İşte Sabah Gazetesi yazarı Mahmut Övür'ün "İki deprem iki fotoğraf" adlı köşe yazısı:
Birkaç gündür gözümüz kulağımız Elazığ-Malatya hattında yaşanan depremde.
Televizyonlara düşen son dakika haberinden sonra İçişleri Bakanı Süleyman Soylu'yu aradım. Başkan Erdoğan'ın talimatıyla harekete geçtiklerini, Çevre ve Şehircilik Bakanı Murat Kurum ve Sağlık Bakanı Fahrettin Koca ile birlikte hemen Elazığ'a gideceklerini, bütün kurumları da harekete geçirdiklerini söyledi. Ardından Başkan Erdoğan ve diğer bakanlar da deprem bölgesine gitti.
Başta AFAD ve Kızılay olmak üzere onlarca yardım kuruluşu, sivil toplum örgütü, yerel yönetimler de harekete geçmişti.
Bu tabloyu gördüğüm an, 21 yıl önceyi düşündüm. 17 Ağustos 1999 İstanbul'u da sarsan o büyük depremin yaşandığı geceyi... Müthiş sarsıntıdan sonra dışarı çıkmış ve hızla atv Haber'e ulaşmıştım. Ancak ortada depremin merkez üssüne ilişkin bir bilgi yoktu. Durumu devlet ve hükümet de bilmiyordu. Gün aydınlandığında acı gerçek yüzümüze çarptı. Başta Gölcük ve Yalova olmak üzere çok sayıda yerleşim biriminde onlarca bina çökmüş, binlerce insan göçük altında kalmıştı.
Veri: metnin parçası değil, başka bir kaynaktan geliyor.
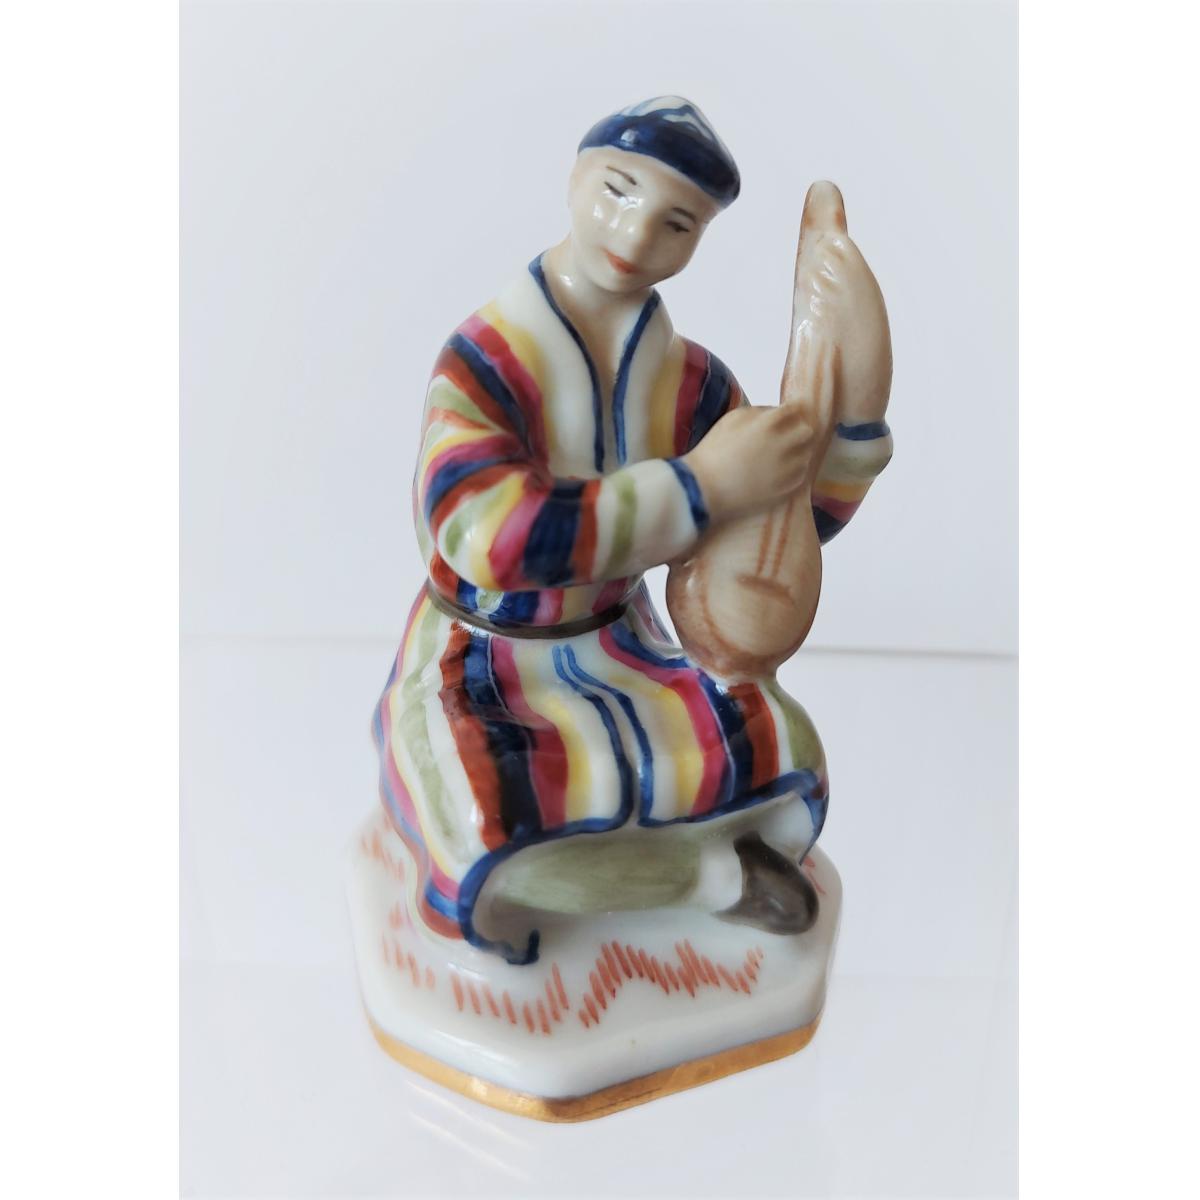 Скульптура "Узбек с домброй" автор Чечулина Г.Д.

Tam anlamıyla çaresizdik. Çünkü ne devlet ne de vatandaş olarak deprem sonrasına ilişkin hiçbir hazırlığımız yoktu. Aslında 80'lerde, yakında "Büyük İstanbul depremi geliyor" diye yazmış, bilim adamlarının uyarısını iletmiştik ama başta devlet olmak üzere kimse umursamıyordu. İşin doğrusu ciddi anlamda da yoksul bir toplumduk. Başımızı sokacak ev bulamazken, kimse sağlam mı değil mi diye bakmıyordu. Milyonlarca insan gecekondularda yaşıyor, birkaç katlı ev yaptırmak isteyenler biraz da açgözlülükle fırsatçı vurguncu müteahhitlerin eline düşüyordu. Devlet ve yerel yönetim ise onları denetlemekten acizdi.
O yıllardan bugünlere gelindiğinde çok şeyin değiştiğini görüyoruz.